The Compton Weather Service declares it “Cold As Balls”
outside.
TURN YOUR LIGHTS OFF! NOW! UNPLUG YOUR HAIRDRYERS AND CELL
PHONES AND TV’S AND NINTENDO 64’S! SAVE THE EARTH!!!!!!!!
Monday, January 21, 2008
House Minutes - 01/21/08
Here they are, in all their glory!
•The Box: it’s stocked and we’re making posters.
•Fill out housing survey! DO IT, DO IT, DO IT!!!
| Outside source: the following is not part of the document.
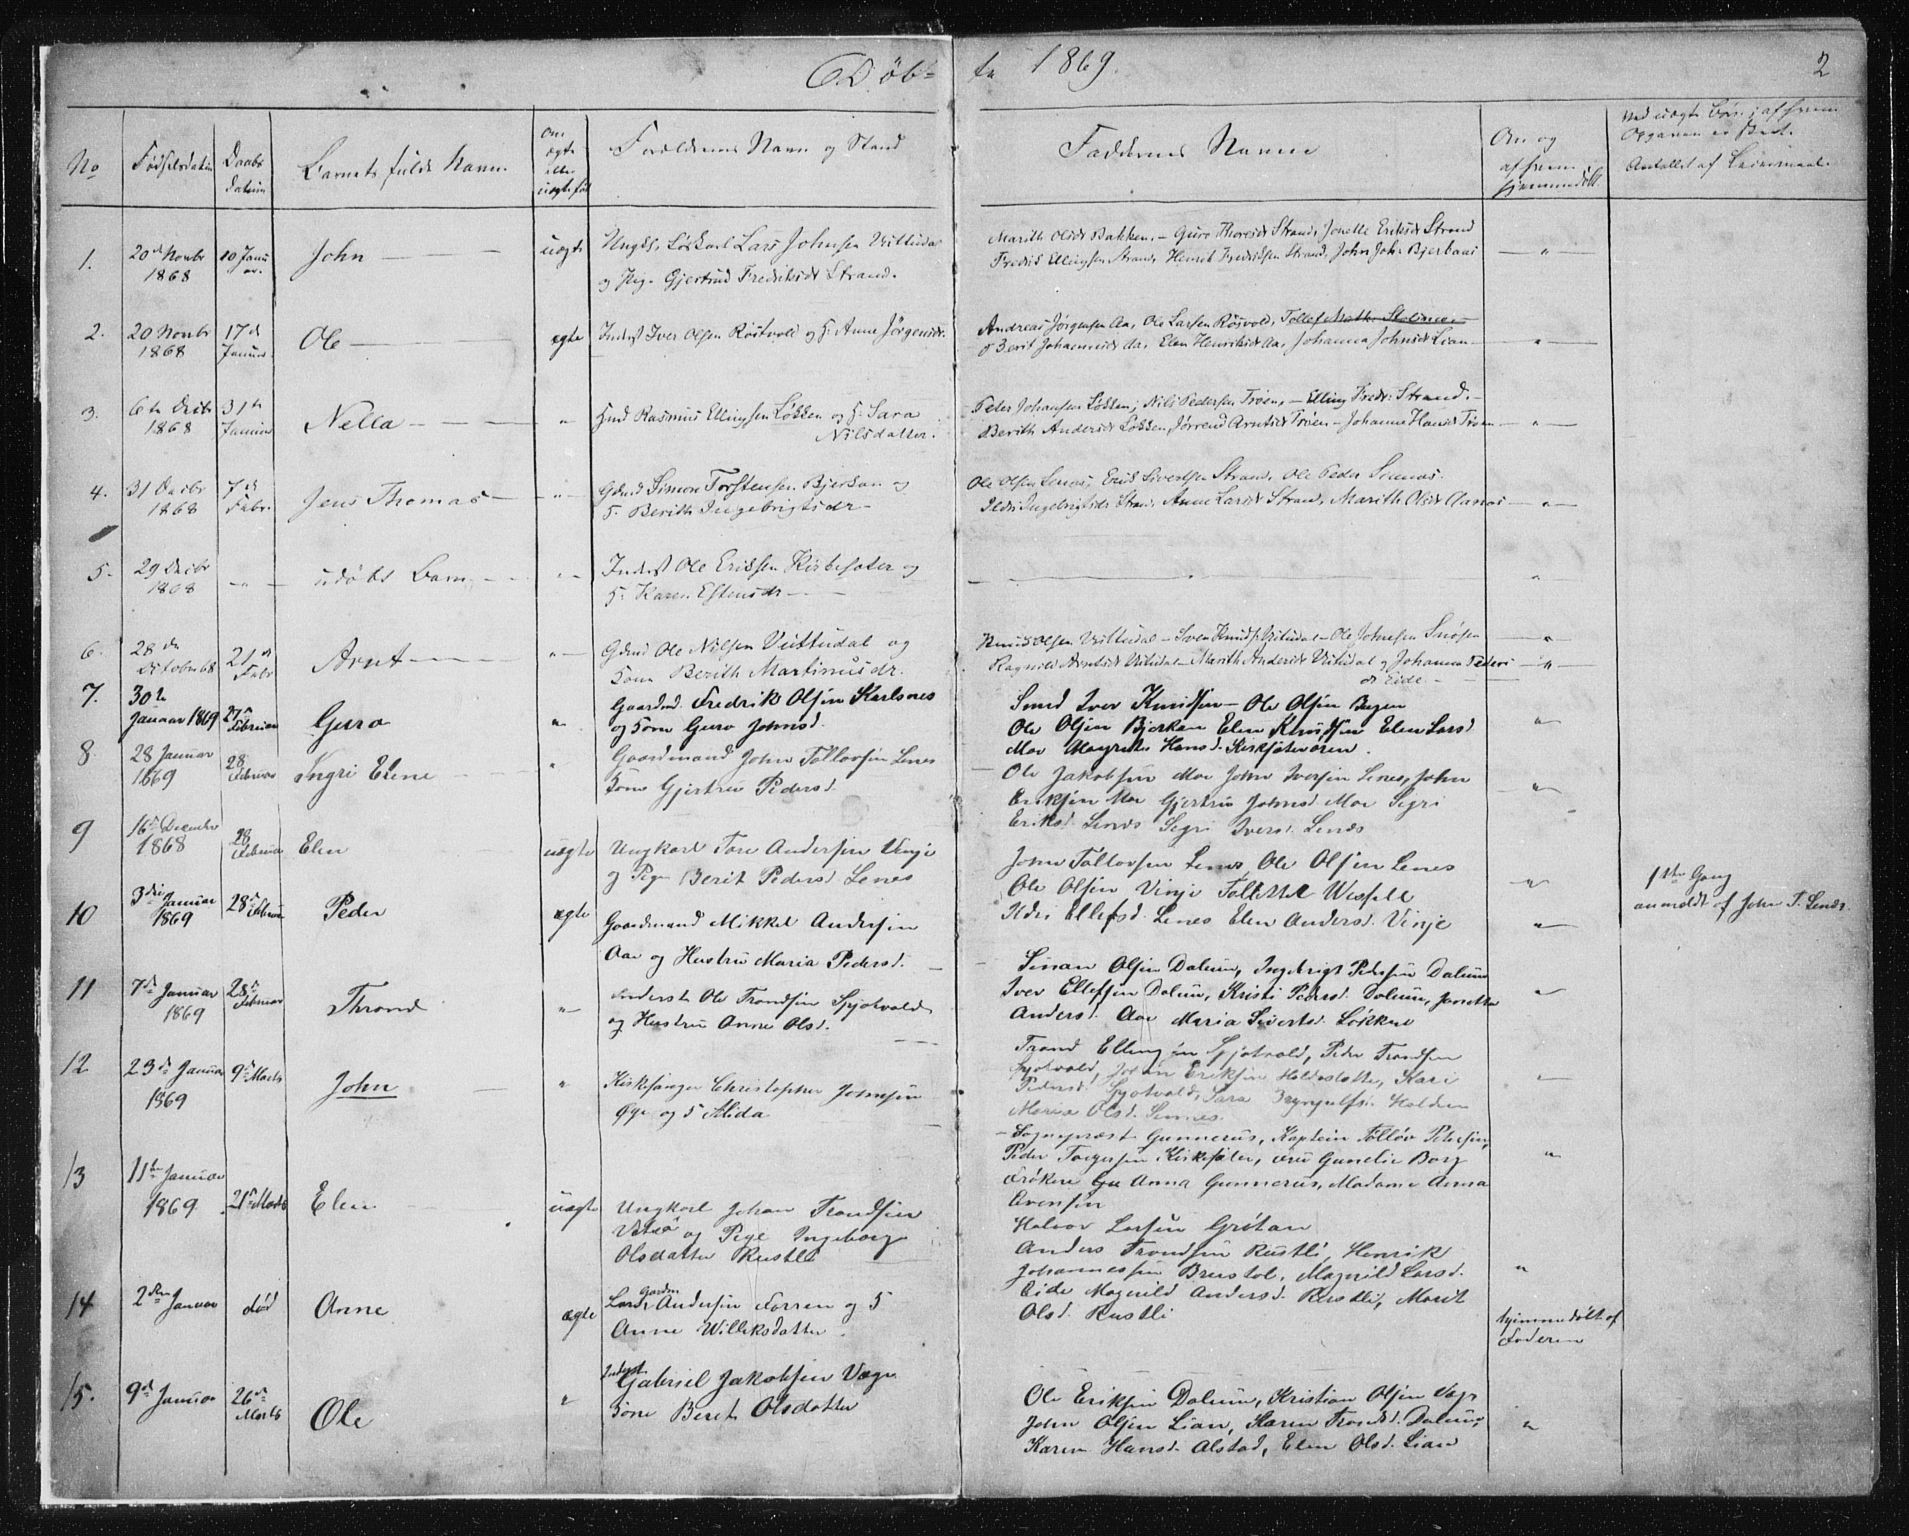 SAT, Ministerialprotokoller, klokkerbøker og fødselsregistre - Sør-Trøndelag, 630/L0503: Klokkerbok nr. 630C01, 1869-1878, s. 2
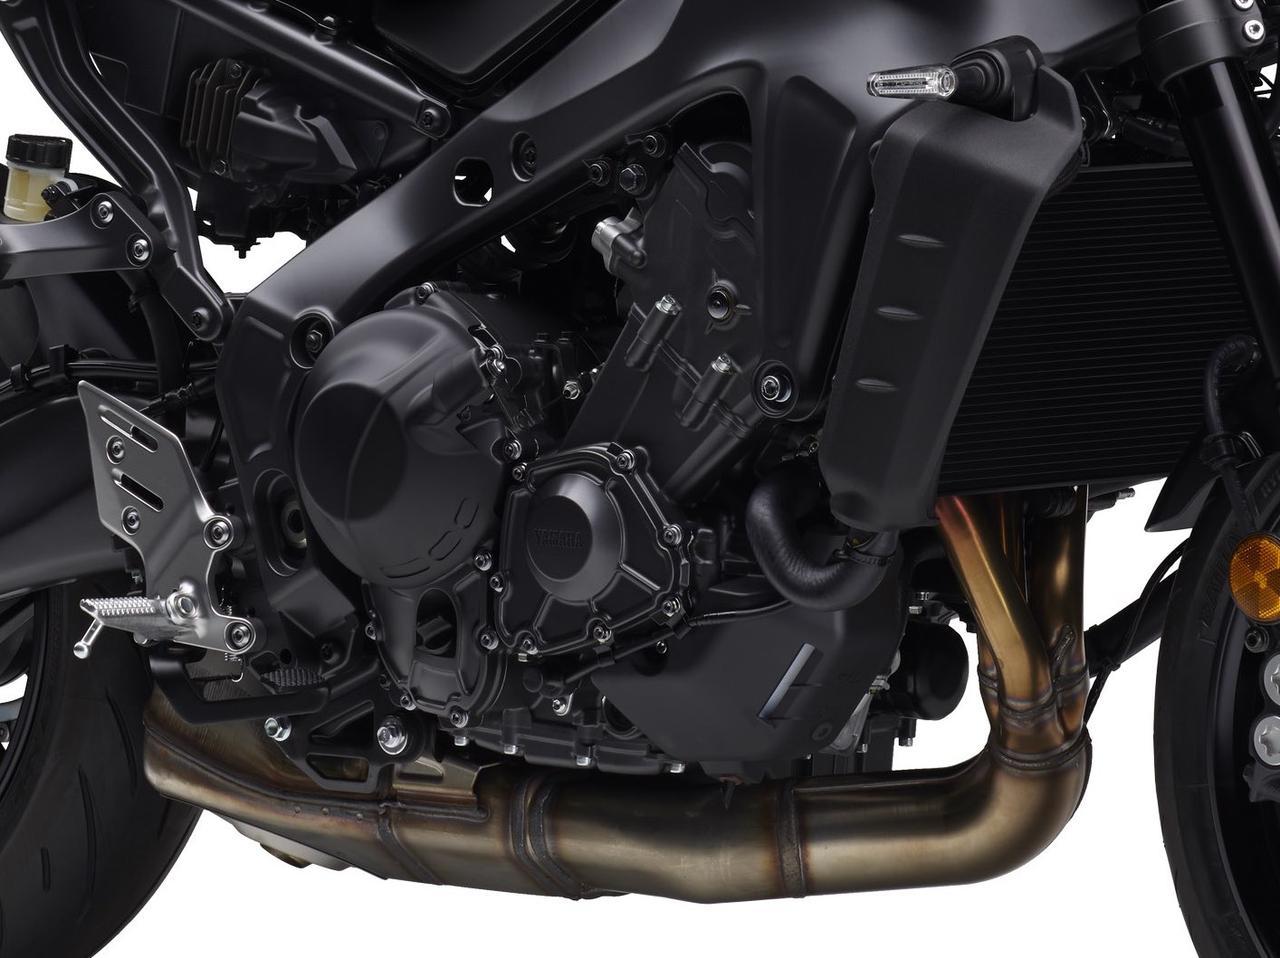 画像1: ヤマハ新型「MT-09 ABS」シリーズの特徴

•Seriously, sign up to “Wait, Wait, Don’t tell Me.” It’ll be
cheap and AWESOME. Way, way better than that $20
“professional lady” you picked up for you date to the Fiji
party. I mean, she was a hit with the brothers, but is all
that gonorrhea really worth it? But no, srsly, email Dan or
Anna.
•Noah, who wants to keep an eye on the returning sun, would
like to set up a “Sun Monitoring” Party to make sure it gets
up on time.
•The Yule ball was a rollicking success; all the lords and
ladies looked simply fabulous.
•Lexi’s having a sleepover in the lounge! Also, there’s a SEX
workshop! (Aimed at guys, but for the ladies, if you know
what I mean. *Wink, Wink*)
•I went walking in with my mama one day,
When she warn me what people say,
Live your life until love is found,
'cause love's gonna get you down.
•Feel Pressured! Seriously, all the cool kids are doing it.
The only reason for NOT doing it is because you’re lame, and
we don’t want to hang out with lame people. Honestly, you
won’t have any friends unless you suck it up.
•Resident Master’s Study Break on Wednesday is going to be
AMAZING. You should definitely go. Totally rad, man.